A machine-rendered reading of the paper's core claim, the machinery that carries it, and where it could break.
Core claim
Robust Dreamer claims that anchoring diffusion latents inherited from the generation process to Gaussian primitives and recalling them via latent-space Gaussian splatting supplies dense geometry-aware conditioning without accumulated VAE degradation, while Deviation Learning with Dynamic Deviation Archive synthesizes rollout-induced corruptions through one-step approximation, indexes them by autoregressive stage and denoising timestamp, and injects them into historical memory so the generator learns internal correction before inference.
What carries the argument
Latent Gaussian Memory that anchors diffusion latents to Gaussian primitives recalled by latent-space Gaussian splatting, paired with a Dynamic Deviation Archive that stores one-step-approximated rollout deviations indexed by stage and timestamp.
If this is right
- Autoregressive rollouts maintain 3D consistency without progressive degradation from repeated VAE conversions.
- The generator acquires the ability to correct corrupted historical memory states before they appear at inference time.
- Action signals continue to produce immediate, geometrically coherent visual responses over hundreds of frames.
- Performance gains appear across indoor reconstruction, outdoor driving, and synthetic game environments.
Where Pith is reading between the lines
- The same Gaussian-anchored memory could be tested in other autoregressive generative domains that currently rely on RGB or token cycling.
- If the one-step deviation approximation proves sufficient, full multi-step rollouts may no longer be required to collect realistic training corruptions.
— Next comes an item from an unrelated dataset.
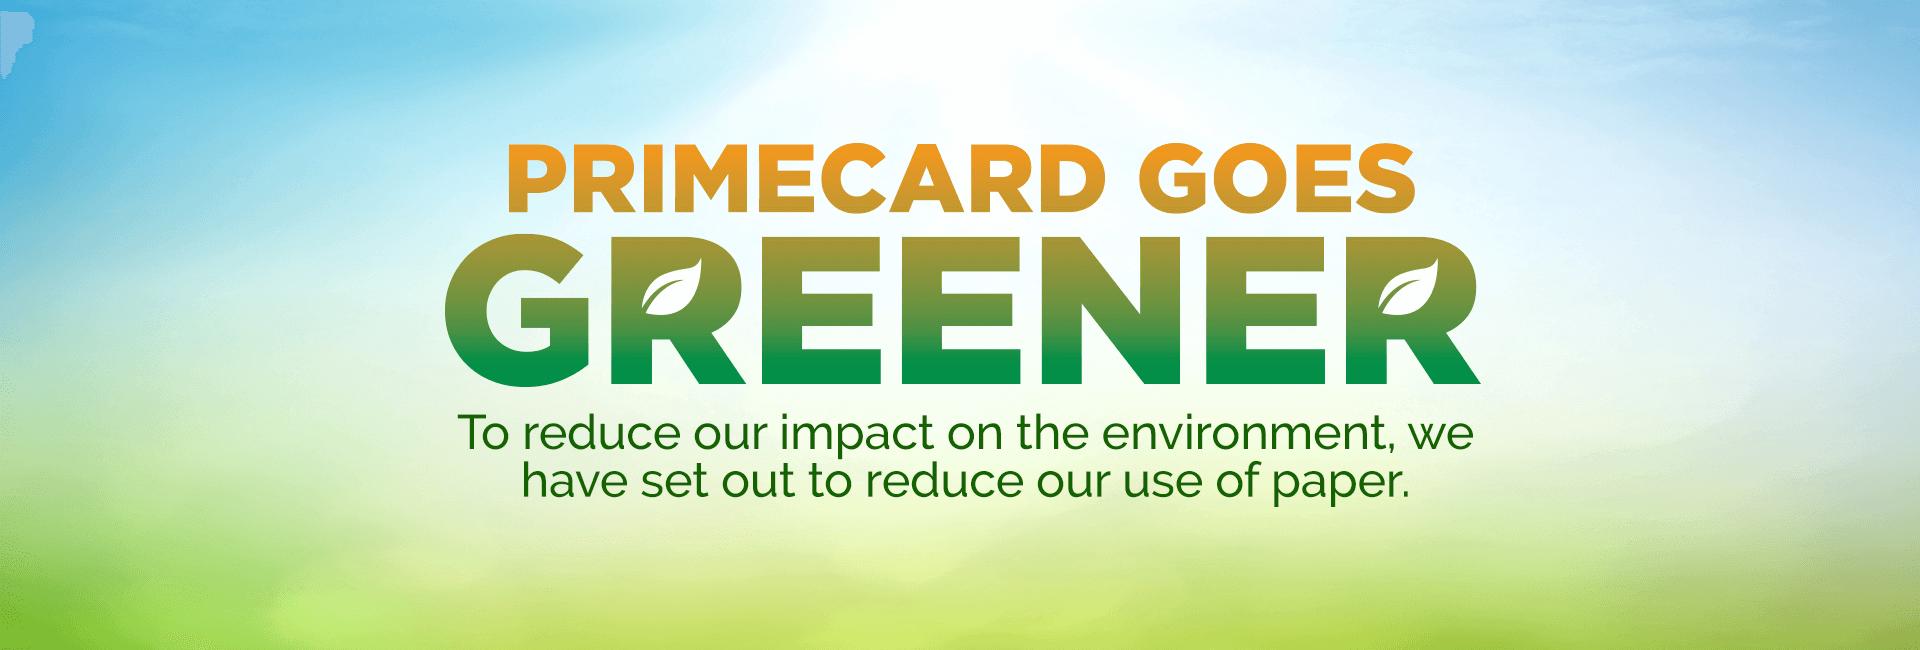 Primecard goes Greener

- The archive structure suggests a general way to index and replay distribution shifts indexed by generation time and denoising step.
Load-bearing premise
The one-step approximation used to synthesize rollout-induced latent deviations during training is sufficient to expose the model to the actual distribution of corrupted memory states encountered at inference.
What would settle it
Train two identical generators on the same data, one with the Dynamic Deviation Archive and one without, then measure whether the version lacking the archive exhibits the same rate of 3D drift after 50-plus autoregressive steps on ScanNet or DL3DV as the baselines the paper compares against.
Figures
read the original abstract
Frame-wise action-controlled image-to-video generation is a promising paradigm for interactive world simulation, where each control signal should elicit an immediate visual response. However, maintaining visual fidelity and 3D consistency over long autoregressive rollouts remains challenging. Existing 3D-aware methods often suffer from catastrophic drift due to two impediments: information loss from \textit{Latent--RGB Cycling}, where generated latents are repeatedly decoded to RGB and re-encoded for future conditioning, and the training--inference gap induced by the \textit{error-free hypothesis}, where clean training memory fails to match prediction-corrupted inference memory. To address these challenges, we present \textbf{Robust Dreamer}, a memory-augmented framework built around how to design 3D memory and how to use it robustly. First, we introduce \textbf{Latent Gaussian Memory}, which anchors diffusion latents inherited from the generation process to Gaussian primitives and recalls them via latent-space Gaussian splatting. This provides dense, geometry-aware, view-aligned conditioning while avoiding accumulated degradation from repeated VAE conversion. Second, we propose \textbf{Deviation Learning with Dynamic Deviation Archive}, which synthesizes rollout-induced latent deviations through a one-step approximation, stores them by autoregressive stage and denoising timestamp, and injects them into historical memory during training. This exposes the generator to realistic corrupted memory states and teaches internal correction before inference. Experiments on ScanNet, DL3DV, and OmniWorldGame demonstrate state-of-the-art long-horizon performance.
Editorial analysis
A structured set of objections, weighed in public.
Referee Report
Summary. The paper proposes Robust Dreamer, a memory-augmented framework for action-controlled autoregressive (AR) video generation. It introduces Latent Gaussian Memory, which anchors diffusion latents to Gaussian primitives and recalls them via latent-space Gaussian splatting to avoid degradation from repeated Latent-RGB Cycling. It further proposes Deviation Learning with Dynamic Deviation Archive, which synthesizes rollout-induced latent deviations via a one-step approximation, stores them by autoregressive stage and denoising timestamp, and injects them into historical memory during training to address the training-inference gap from the error-free hypothesis. Experiments on ScanNet, DL3DV, and OmniWorldGame are claimed to demonstrate state-of-the-art long-horizon performance.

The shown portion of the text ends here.